This is true, you just have to write 3 times as much code to make the OO 
design work. And you lose the ability to do agile programming, because you 
have to implement so much new code to add a new node or operation (probably 
on the order of a week for either in an Ada compiler perspective -- dozens 
of operations and dozens of node types are needed there).

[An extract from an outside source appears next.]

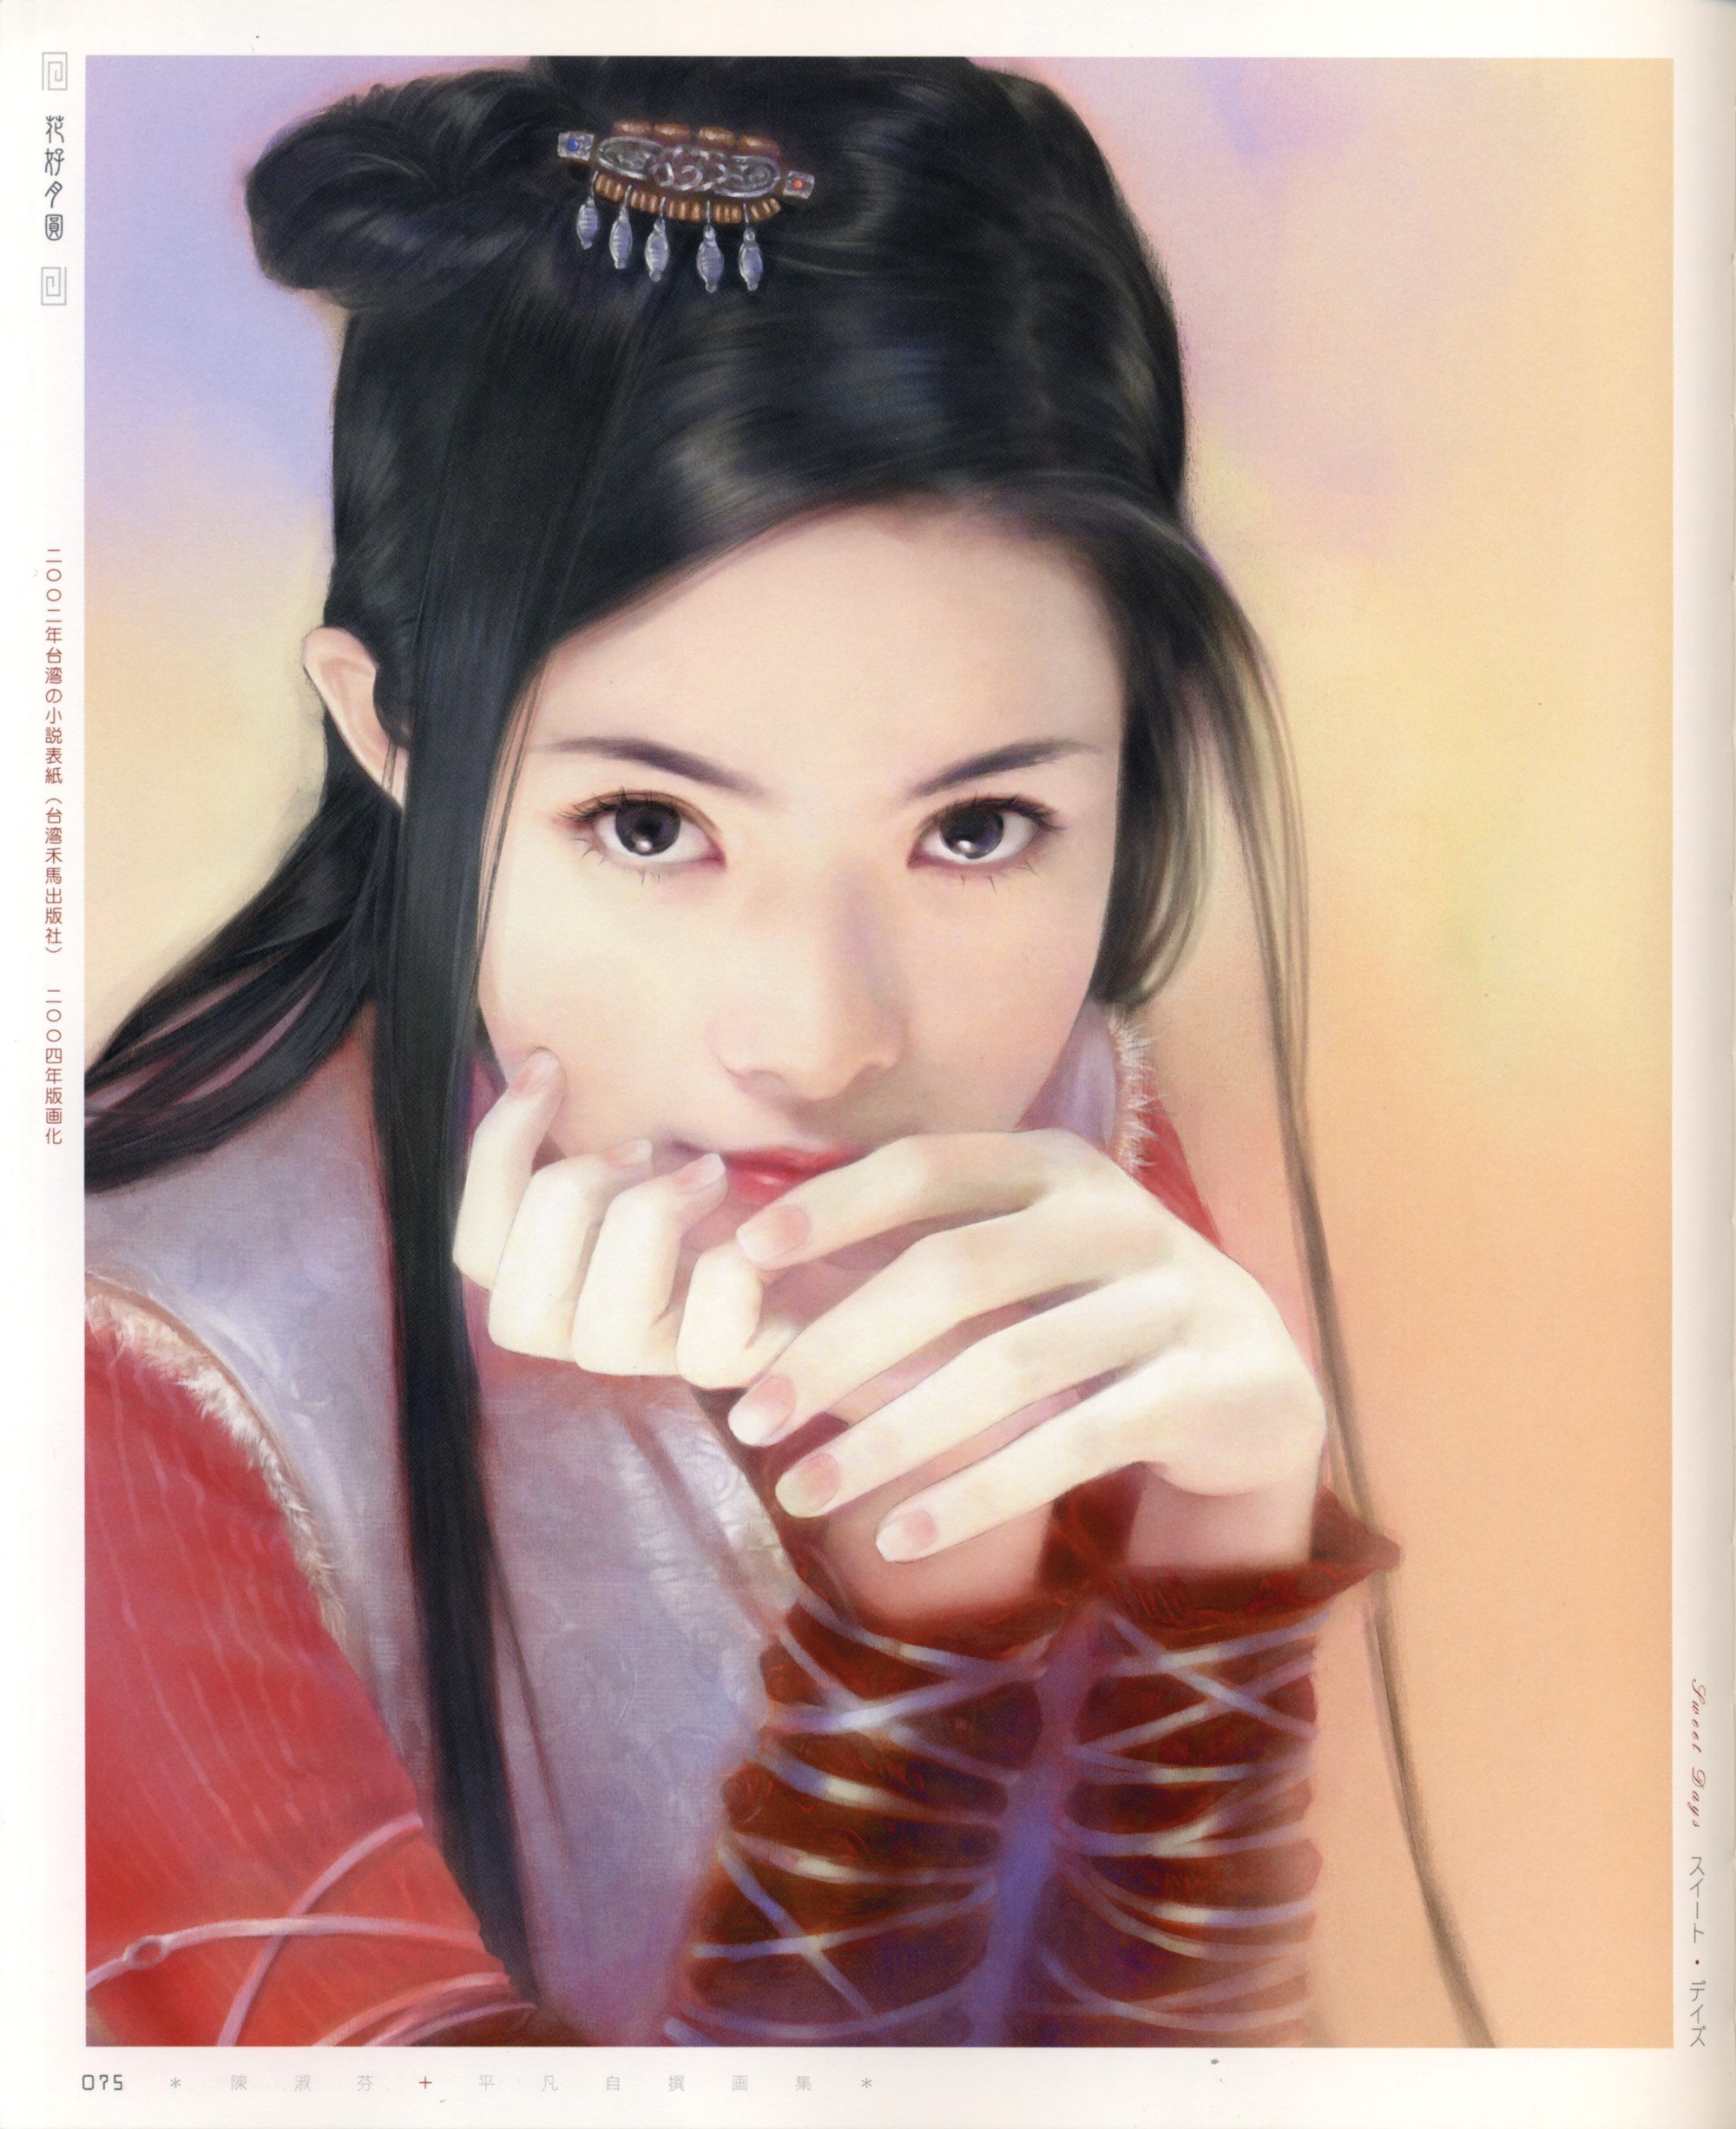 Японки девочки пизда 19 фотография

>>>>> Since nothing of that kind is possible, what you propose is monolithic
>>>>> design AKA "god-class", when the variant record must know *in advance*
>>>>> all
>>>>> future "extensions", which are extensions no more.
>>>>
>>>> Why in advance? One *modifies* code in maintenance; one doesn't tie 
>>>> both
>>>> hands behind your back! It's hard enough to work on a compiler without
>>>> making arbitrary rules preventing the modification of types.
>>>
>>> That is the exact meaning of "in advance": before the final version of 
>>> the
>>> program unit gets ready all variants must be known.
>>
>> Umm, we're talking about a compiler, and there never is a "final" version 
>> of
>> a compiler.
>
> Final = deployed, of course.

Which is relevant how? It's just a snapshot of a continual evolution.

...
>>> Note that inheritance would handle this safely. It will be:
>>>
>>>     Current.Token.Do_Something; -- A dispatching call override
>>>
>>> Do_Something would be abstract must-be-overridden for Float_Token.
>>
>> Sure, but that's what's maddening about using OOP in this way. You have 
>> to
>> define and implement *every* such operation that way for a new node 
>> before
>> anything can be done (even compiling the changed program).
>
> Exactly. This is called being typed. Operations do not exist without 
> types. The design with case-statements spread all over the client code is 
> untyped because chunks of client code under "whens" are not attributed to 
> any type, have no contract etc. OO allows us
>
> 1. To give a contract to this code
> 2. To refactor and reuse this code
> 3. To place it in separate compilation units *related* to the types 
> involved.

(1) There is no useful contracts for individual nodes -- all of the 
contracts with any meaning are on the tree as a whole. And it is the state 
of the nodes, rather than their kinds, which figure mainly into those 
contracts. (The state being part of the data, not part of the types.)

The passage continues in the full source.